#### [PROBLEM STATEMENT]
Retype exactly the lines of the listing below from the one with "Google Business profile" through the last, both included, and leave every picture out.

#### [SOURCE DATA]
--------------------------------------------------
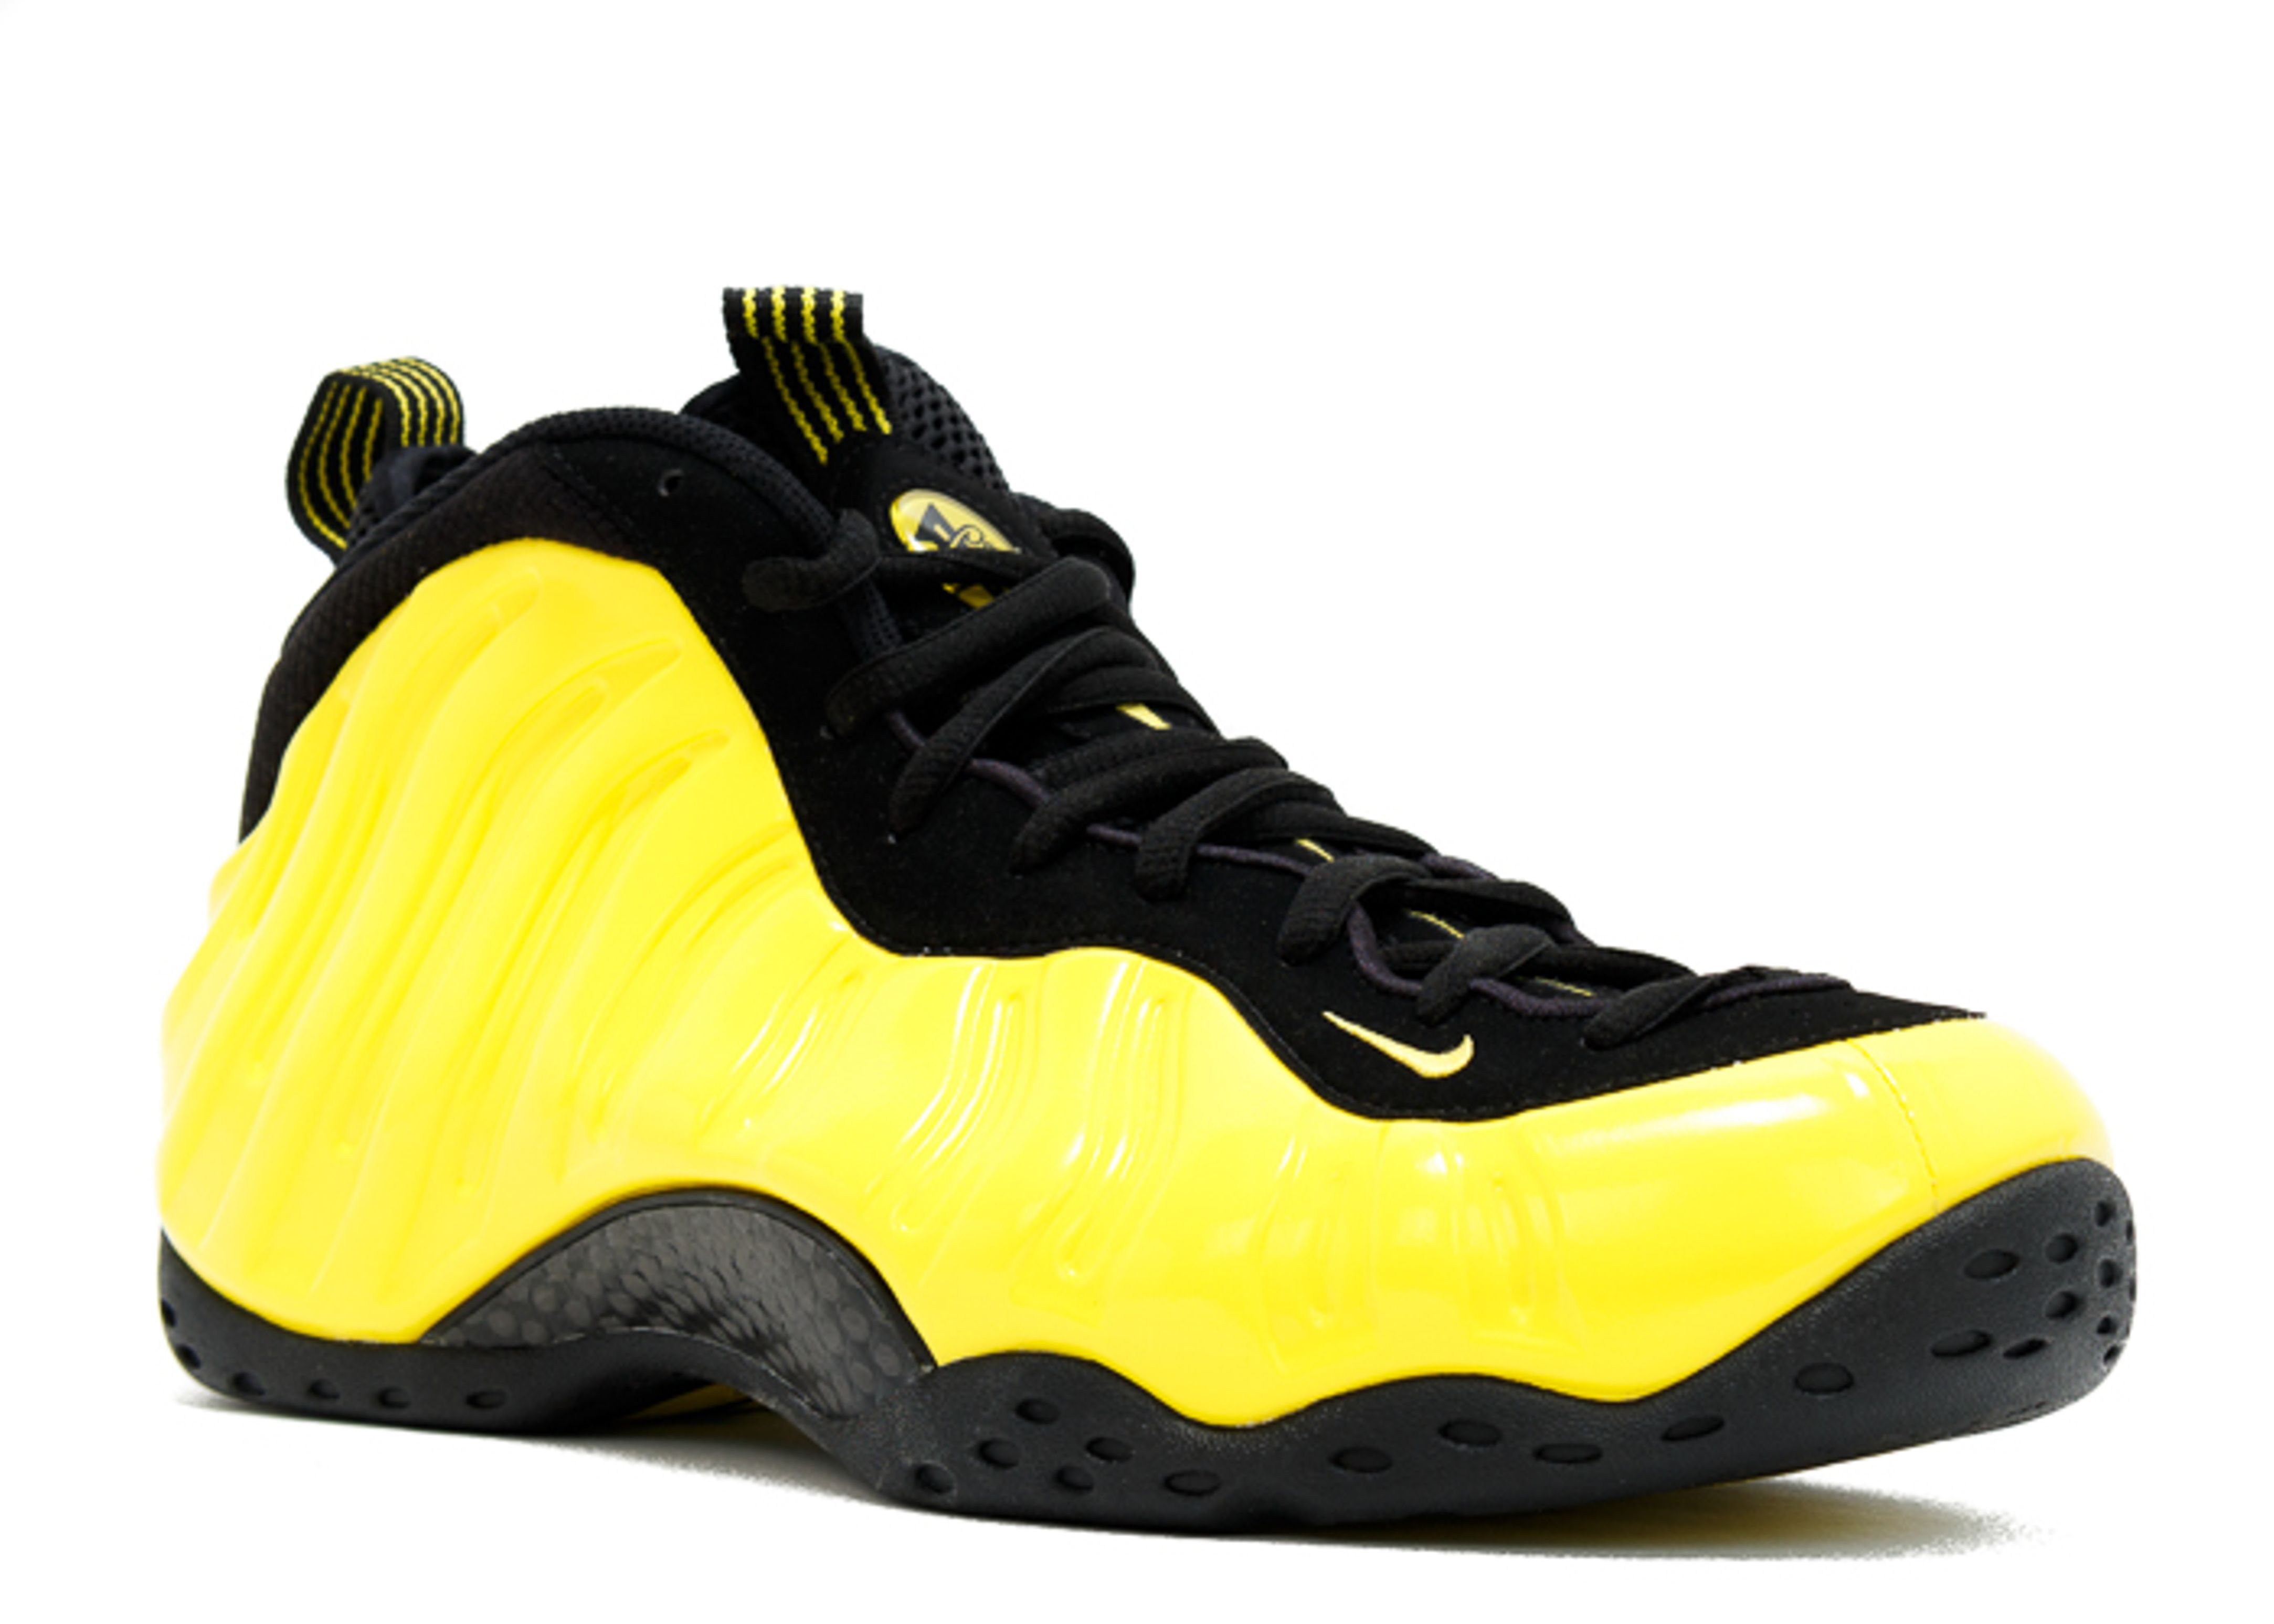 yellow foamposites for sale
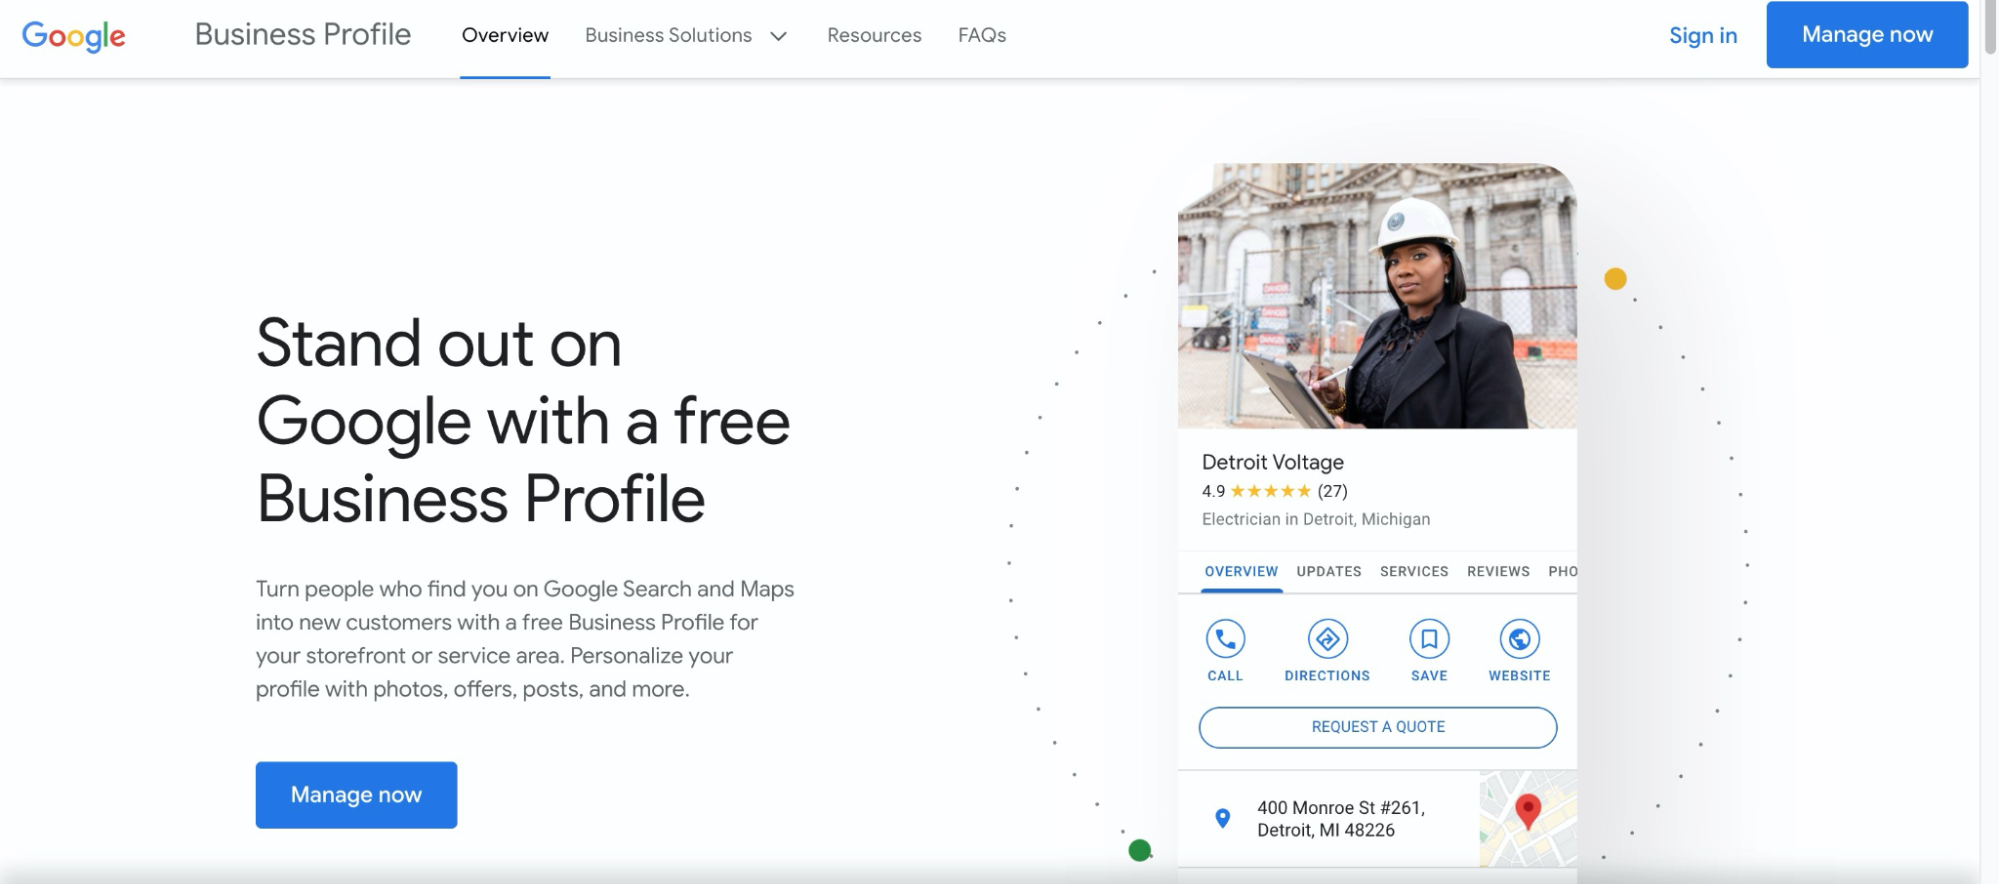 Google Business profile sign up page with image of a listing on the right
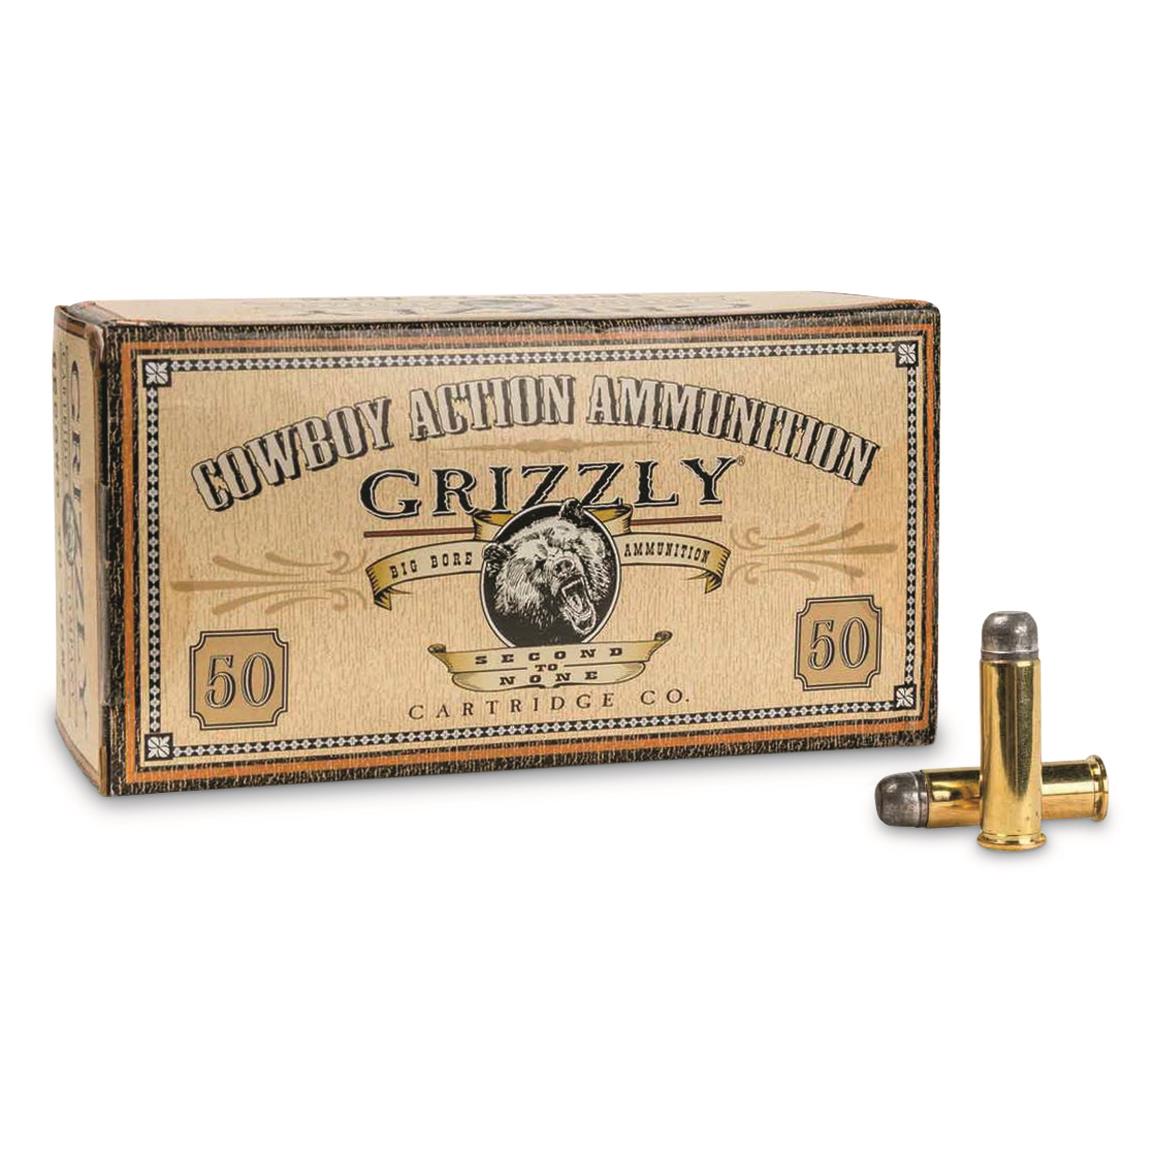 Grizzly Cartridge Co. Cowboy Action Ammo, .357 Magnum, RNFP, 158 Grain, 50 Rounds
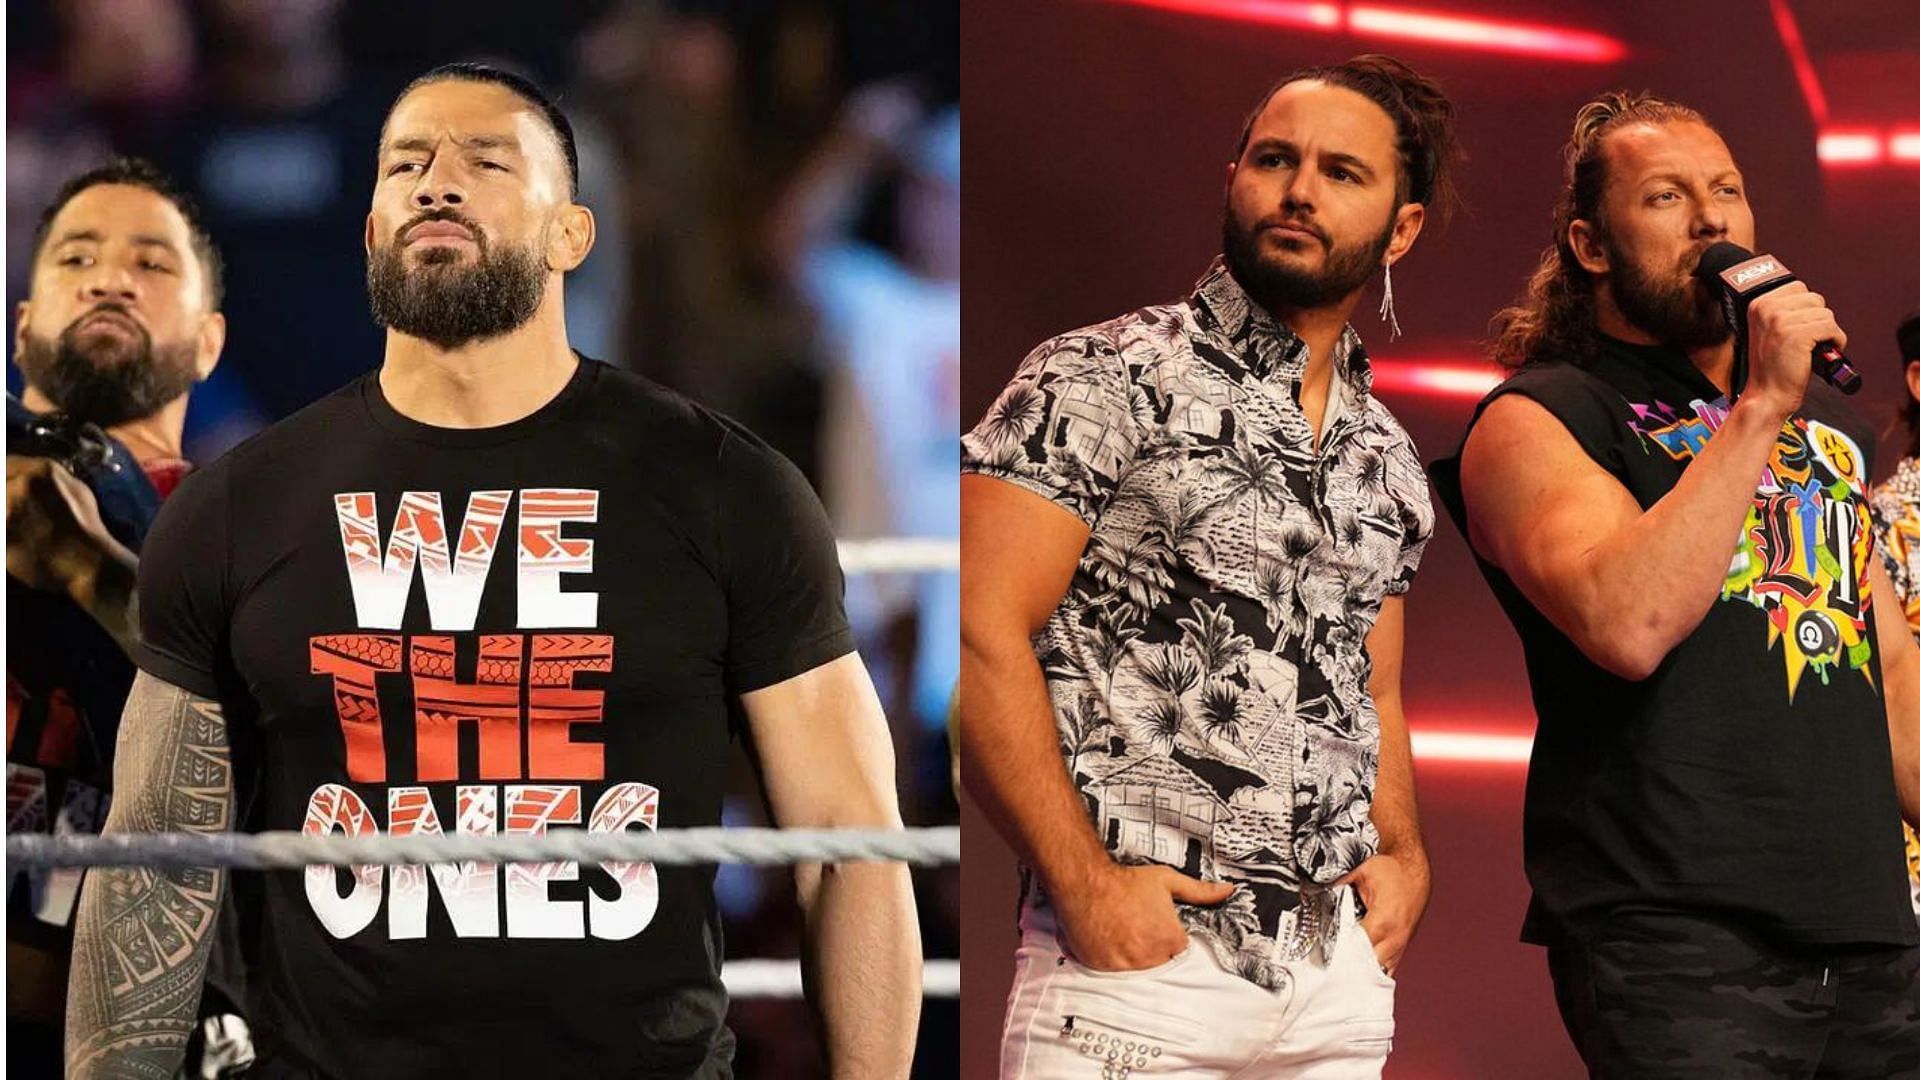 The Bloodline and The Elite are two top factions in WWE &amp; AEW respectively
--------------------------------------------------
#### [ANSWER TO THIS EXERCISE]
 Google Business profile sign up page with image of a listing on the right
 Grizzly Cartridge Co. Cowboy Action Ammo, .357 Magnum, RNFP, 158 Grain, 50 Rounds
 The Bloodline and The Elite are two top factions in WWE &amp; AEW respectively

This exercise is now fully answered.